Первой не выдерживает одна из подавальщиц. Она кидается к покрытой инеем немке, совсем маленькой, хватает её за руку и тащит к горячей печке, там стаскивает промёрзшую шинель и подталкивает поближе к горячему кафелю жарко натопленной голландки. Народ словно прорывает, все тянутся к пленным, протягивают им стаканы с вином и водкой, закутывают в полушубки…
А те плачут. Просто плачут, негромко всхлипывая и судорожно глотая слёзы. В зал вваливаются ещё четверо — это уже наши. Чумазые. Танкисты… Что?!!
— Вовка! Братан!
— Сашка! Откуда?!
Через мгновение наши кости трещат в объятиях друг друга. Это же надо?! Так встретится! В четвертый раз!!!
Некоторое время мы беспорядочно хлопаем друг друга по плечам, невпопад задаём какие-то ненужные, глупые вопросы…
— А ты?
— Да тут…
Между тем вновь включают музыку, но мы вдвоём сидим, обнявшись, за столом:
— Ты как оказался то тут?
— Ой, лучше не спрашивай! Нас в Клину подбили, меня осколком контузило, так что город штурмовали уже без меня. Сутки там дрались, потом собрали уцелевших, и вперёд, на Запад. Мы-то болванку двигателем поймали. Так и остались в городе среди «безлошадных» рембат ждать. Дождались. Ребята диагноз поставили — надо дизель менять. Сам понимаешь, быстро не получится… Пошли разжиться насчёт пожрать, да наткнулись на соседней улице на подарочек фрицевский.
— Какой?
— А вон, посмотри!
Мы подходим к окну и я даже отшатываюсь от неожиданности — на улице, озарённый ярким лунным светом, стоит столь хорошо знакомый мне немецкий средний «Pz-IV».
— Это… твой!
— Пока — да. Не всё же только тебе на «хейнкелях» летать, Свен!
Мы дружно смеёмся.
— А если серьёзно, то взяли у ребят бензина, смогли завести. А когда начальству доложились — велели нам вот этого майора сопровождать в тыл, там новую машину дадут. Хотя знаешь, брат, не больно-то и хочется. Уж больно танк хороший — удобный, просторный, оптика — вообще чудо! Но приказ есть приказ…
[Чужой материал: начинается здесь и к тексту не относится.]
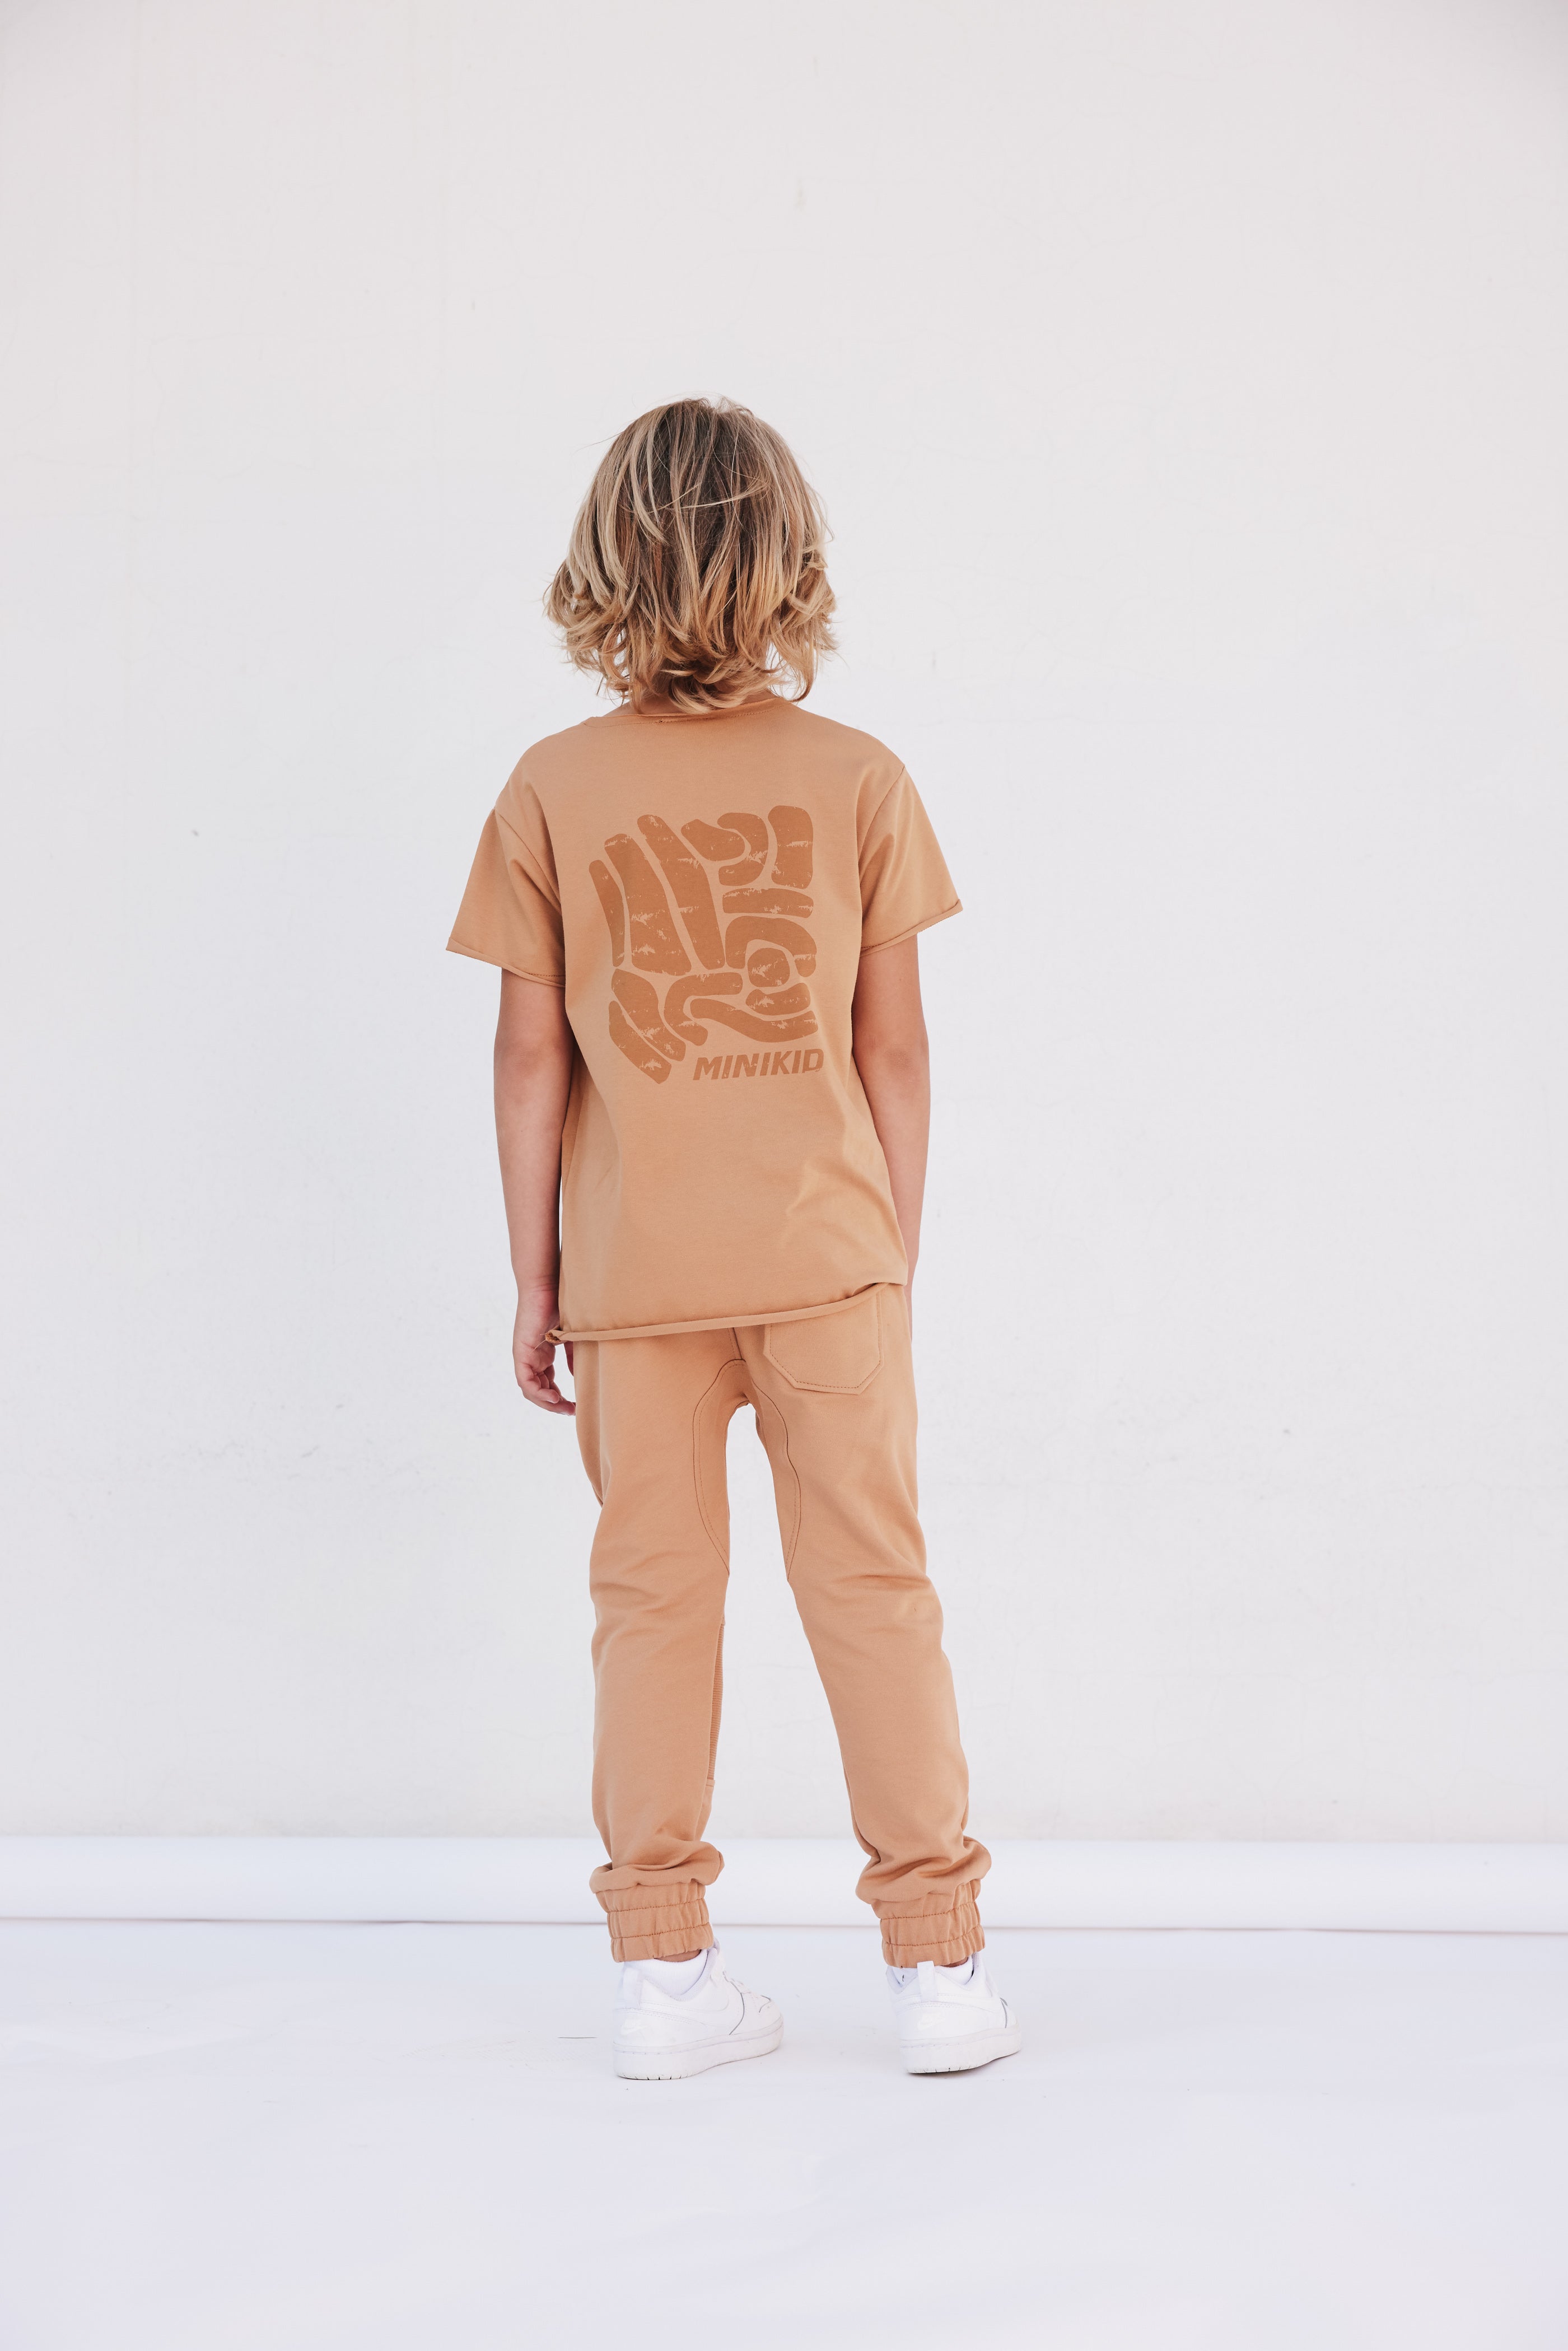 Minikid - Imprint Camel T-shirt
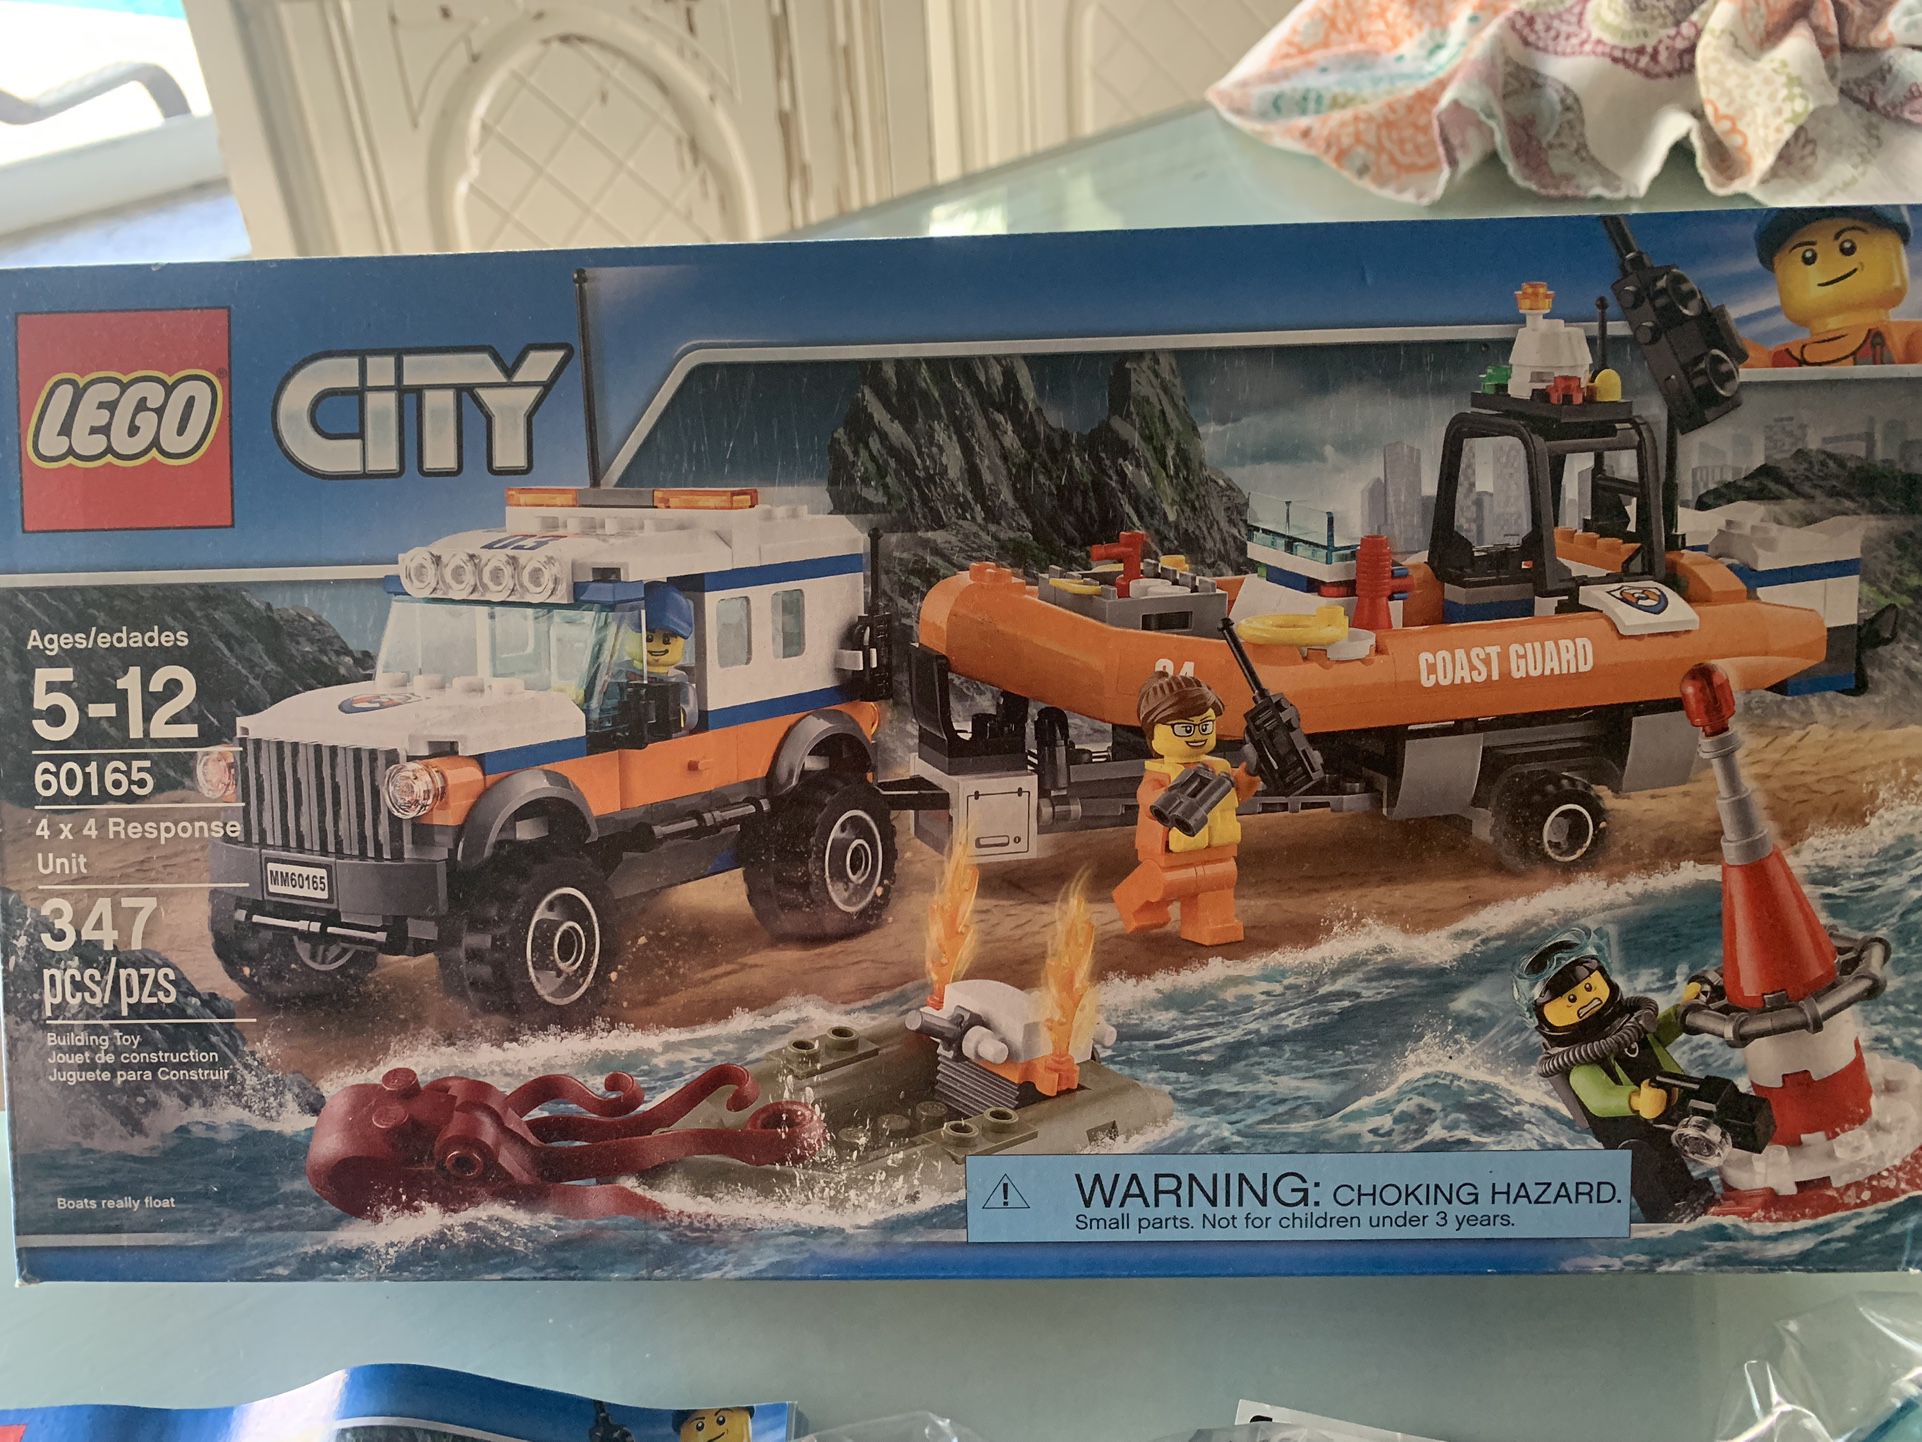 Lego City 4X4 Response Unit - 60165

Я подкладываю ему кусок за куском. Вновь звучит музыка, танцуют пары. А это что за номер? Не может быть!!! Чебатурин кружится в вальсе с незнакомой мне высокой рыжей девушкой в синей юбке, белой кофте и галстуке. Перевожу взгляд ниже и натыкаюсь на немецкие форменные сапоги. Перехожу на норвежский и толкаю Вовку локтем:
— Ты глянь на нашего «особиста»!
Он отвечает на том же языке:
— Точно! Совсем перья распушил! А помнишь, Васька Голицын за нашей сестрой ухаживал?
Покатываемся со смеху, вспомнив, как незадачливый ухажёр улетел в речку при попытке поцелуя. Криста у нас девчонка крепкая, скандинавской породы!
— Слушай, а что это я о себе, да о себе, а ты то как?
— Я Отлично. Воюю, стреляю, летаю.
— Да уж наслышан! Ещё не все награды из Кремля забрал?
— Тебе оставил!
— А из дома что слышно?
— Последнее письмо месяц назад получил. Там всё нормально, работают, рыбу ловят. Кристина — так и вообще бригадиром рыболовной бригады заделалась.
— Во сестрёнка даёт!
— Ну раз мужиков нет…
Между тем по радио раздаётся бой часов. Все хором считаем:
— Девять! Десять! Одиннадцать! Двенадцать! Ура, товарищи, с Новым Годом! С Новым Счастьем! Ура, товарищи! Ура!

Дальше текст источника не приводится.